France | France, Cour administrative d'appel de Versailles, 4ème chambre, 07 juillet 2020, 16VE02731


Vu la procédure suivante :

Procédure contentieuse antérieure :

La société Exo Emma SARL a demandé au Tribunal administratif de Cergy-Pontoise de condamner la commune d'Ermont à lui verser la somme de 73 196,25 euros en réparation des préjudices résultant de neuf mois de fermeture administrative illégale.

Par une ordonnance n° 1602440 du 23 juin 2016, le Tribunal administratif de Cergy-Pontoise a rejeté la requête de la société Exo Emma SARL pour tardiveté.

Procédure devant la Cour :

Par une requête, enregistrée le 22 août 2016, la SARL

Exo Emma, demande à la Cour :

1° d'annuler l'ordonnance, en toutes ses dispositions, rendue le 2...

Vu la procédure suivante :

Procédure contentieuse antérieure :

La société Exo Emma SARL a demandé au Tribunal administratif de Cergy-Pontoise de condamner la commune d'Ermont à lui verser la somme de 73 196,25 euros en réparation des préjudices résultant de neuf mois de fermeture administrative illégale.

Par une ordonnance n° 1602440 du 23 juin 2016, le Tribunal administratif de Cergy-Pontoise a rejeté la requête de la société Exo Emma SARL pour tardiveté.

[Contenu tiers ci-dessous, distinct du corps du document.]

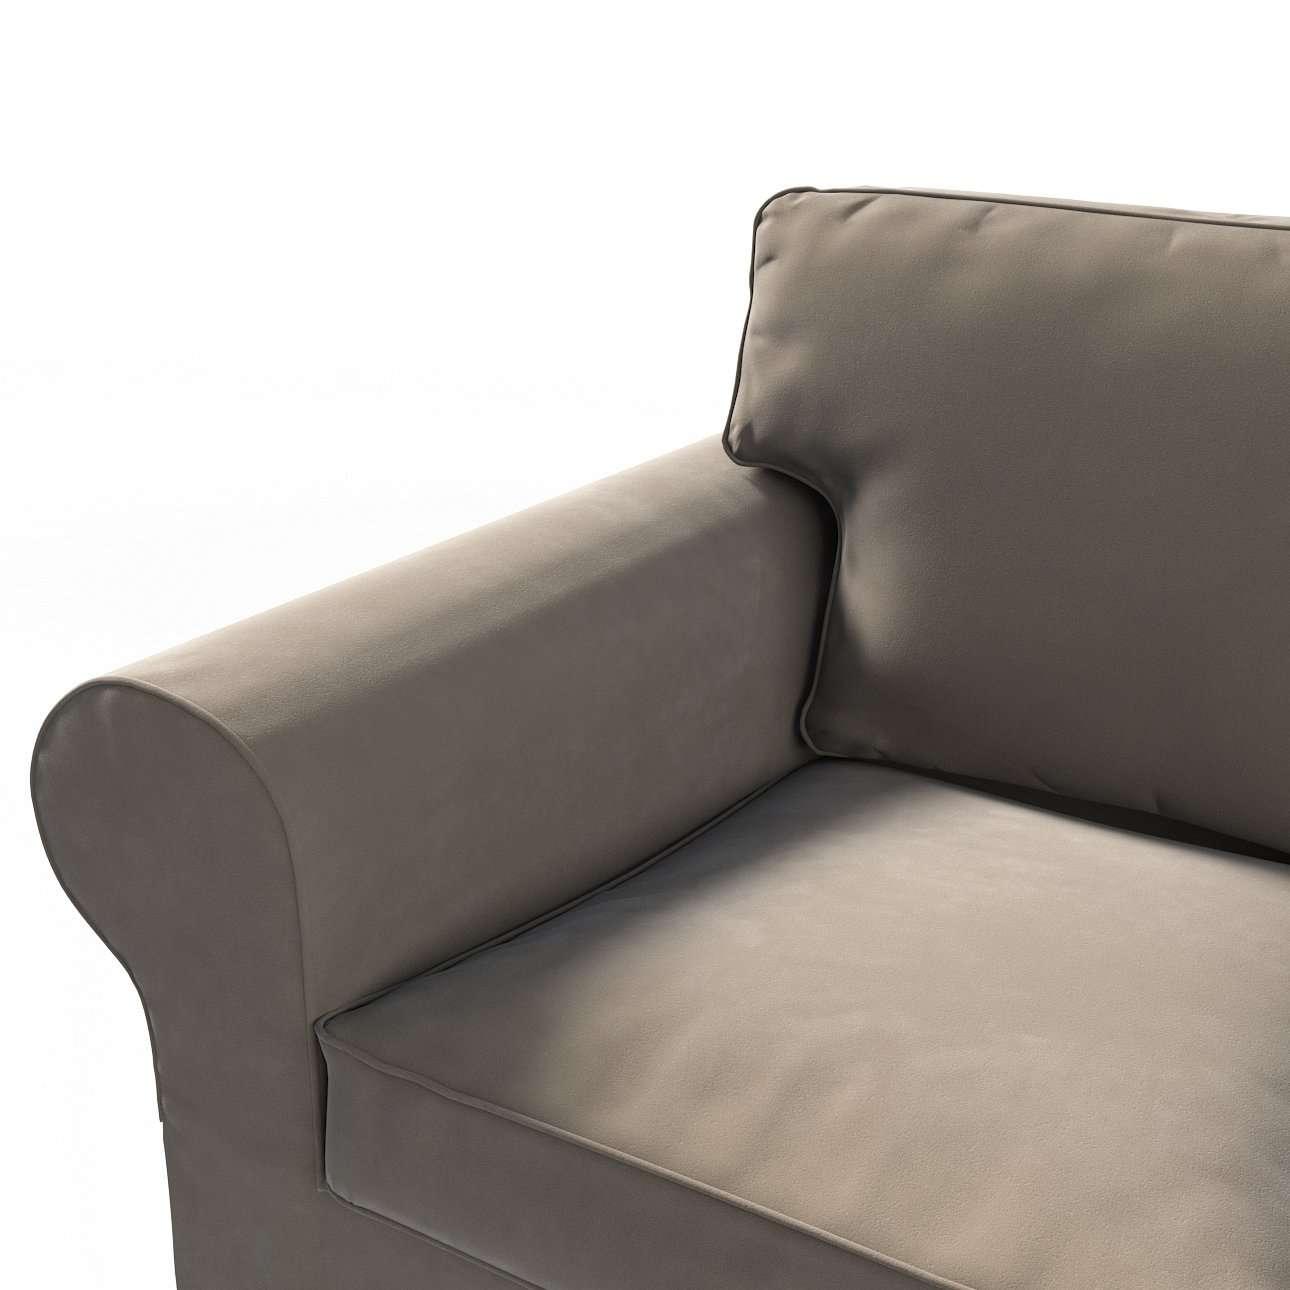 Poťah na sedačku Ektorp (rozkladacia, pre 2 osoby) STARÝ MODEL V kolekcii Velvet, tkanina: 704-19

Procédure devant la Cour :

Par une requête, enregistrée le 22 août 2016, la SARL Exo Emma, demande à la Cour :

1° d'annuler l'ordonnance, en toutes ses dispositions, rendue le 23 juin 2016 par le Président de la 10ème chambre du Tribunal administratif de Cergy-Pontoise et ayant rejeté la requête indemnitaire pour irrecevabilité ;

2° de condamner la commune d'Ermont à lui verser la somme de 73 196,25 euros en réparation des préjudices résultant de neuf mois de fermeture administrative illégale ;

3° de condamner la commune d'Ermont à lui verser la somme de 2 500 euros au titre de l'article L. 761-1 du code de justice administrative.

Elle soutient que :

- l'ordonnance attaquée est entachée d'une erreur de droit, en ce qu'elle méconnaît les articles R. 421-1, R. 421-2 et R. 421-4 du code de justice administrative ;

- les arrêtés municipaux litigieux ayant prononcé la fermeture administrative de son commerce, annulés comme étant illégaux, ont causé des préjudices graves et insurmontables ;

- il existe un lien de causalité directe entre l'illégalité des deux arrêtés municipaux de fermeture administrative et le préjudice subi par la SARL Exo Emma ;

.......................................................................................................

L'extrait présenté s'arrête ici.